Offline reinforcement learning (RL) aims to learn a policy from a fixed dataset without additional environment interaction. However, effective offline policy learning often requires a large and diverse dataset to mitigate epistemic uncertainty. Collecting such data demands substantial online interactions, which are costly or infeasible in many real-world domains. Therefore, improving policy learning from limited offline data—achieving high data efficiency—is critical for practical offline RL. In this paper, we propose a simple yet effective plug-and-play pretraining framework that initializes the feature representation of a Q-network to enhance data efficiency in offline RL. Our approach employs a shared Q-network architecture trained in two stages: pretraining a backbone feature extractor with a transition prediction head; training a Q-network—combining the backbone feature extractor and a Q-value head—with any offline RL objective. Extensive experiments on the D4RL, Robomimic, V-D4RL, and ExoRL benchmarks show that our method substantially improves both performance and data efficiency across diverse datasets and domains. Remarkably, with only 10% of the dataset, our approach outperforms standard offline RL baselines trained on the full data.
We explicitly distinguish between sample efficiency and data efficiency (redefining the latter) by highlighting the major challenges and corresponding solutions below. While the online RL community actively explores the sample efficiency, a promising solution to the data efficiency problem remains to be discovered.
In this paper, we propose a simple yet effective pretraining framework that transfers learned transition features into the initialization of the Q-network to improve data efficiency in offline RL. To this end, we design a shared Q-network architecture by combining a shared backbone feature extractor with two shallow head networks: a transition head for next-state prediction and a Q-value head for estimating Q-value. We further introduce a two-stage learning strategy—a pretraining and an RL training—built upon the shared Q network for data-efficient offline RL.
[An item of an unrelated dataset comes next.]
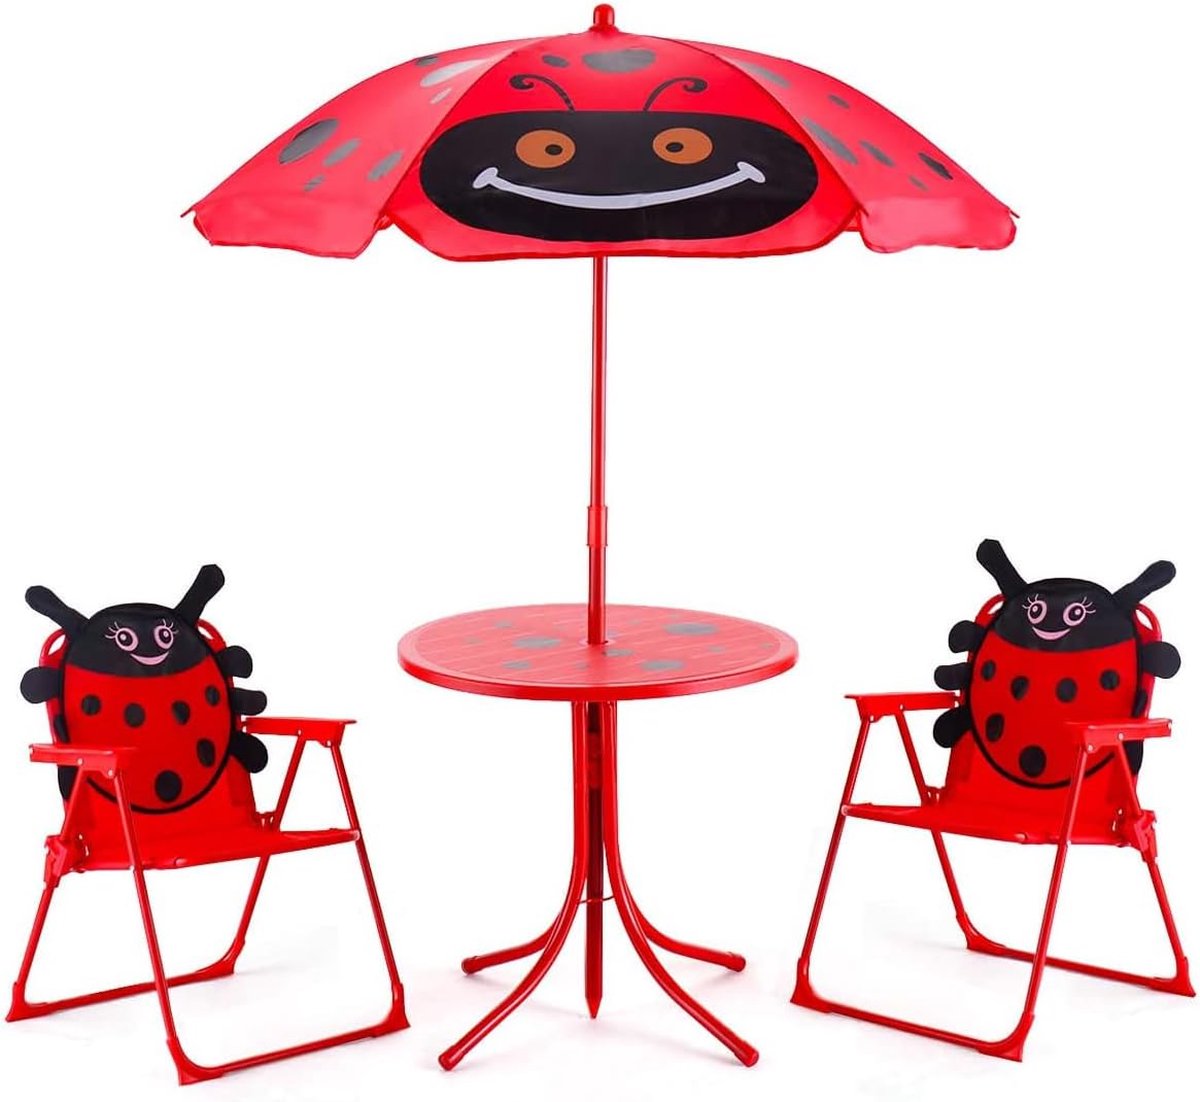 COSTWAY Zitgroep zitgarnituur voor kinderen tuinset kindermeubel kindertafel incl. parasol + 2 kinderstoelen inklapbaar rood

Our method presents a two-phase training scheme during offline learning: pretraining and RL training. During the pretraining phase, the shared backbone attached with a shallow transition head is trained via the transition dynamics prediction task. Subsequently, the pretrained shared backbone is connected with a randomly initialized Q-layer and trained with the remaining offline RL value learning.
We demonstrate strong performance margins of our method by integrating with SOTA offline RL baselines (i.e., AWAC, CQL, IQL, and TD3+BC) on the D4RL benchmark. We consider three MuJoCo locomotion tasks with five datasets with varying sub-optimality. The blue scores highlight the gains over the corresponding baseline algorithms. Notably, AWAC combined with our method shows an average performance improvement of +140.37%.
HalfCheetah
Hopper
Walker2d
Our method improves popular offline RL baselines on the manipulation benchmark, Robomimic, validating superior adaptability to complex tasks. We remark that our method can be readily plugged into offline RL, where the data is generated by either the agent itself or a human expert with varying behavioral qualities.
Lift
Can
We further evaluate our method in a challenging domain with an extremely large action space, dexterous manipulation with 24 DoFs. Our method achieves notable improvements across offline RL algorithms and dataset optimality.
Pen
Hammer
Door
Relocate
Our method can be seamlessly integrated into a vision-based offline RL scheme by replacing the state input to the encoder with the latent representation from the shared backbone network, a common implementation in visual RL.
Walker Walk
Cheetah Run
Humanoid Walk
As we define the data efficiency in the context of offline RL, a truly data-efficient offline RL should improve its performance across varying suboptimality of the data. Hence, we validate our method with two orthogonal axes for data efficiency in D4RL: the quality and quantity of the data. We consider progressively reduced sizes of the data from 1% subset to 100% full data for the quantity, whereas the behavioral suboptimality represents the measurement of data quality. Overall, our method trained with only a 10% subset of the data outperforms the vanilla method with full data on average.
We assume that a smaller dataset would induce a more severe distribution shift compared to a larger dataset, as the smaller dataset often exhibits a narrower coverage of the empirical state space. To investigate an in-depth view of data distribution, we evaluate our method across datasets generated by different data collection (exploration) strategies, where each strategy produces a distinct data distribution. Specifically, we consider three dataset collection strategies (SMM, RND, and ICM) and three ratios (1%, 10%, and 100%) on the ExoRL benchmark. Notably, our method consistently improves the performance of the backbone offline RL across collection strategies and ratios.
To further support the claim we make, we consider a goal-reaching task in a maze environment. We train a CQL agent with two datasets gathered by DIAYN and Proto, with and without our method. The maze environment provides a geometric state space, where trajectories of the agent can be visualized directly. Within limited coverage in the state space, our method still enhances the baseline CQL agent with remarkable margins.
Visualized state visitation distribution across exploration strategies
Red marker stands for a starting state and yellow marker stands for a goal state in the maze.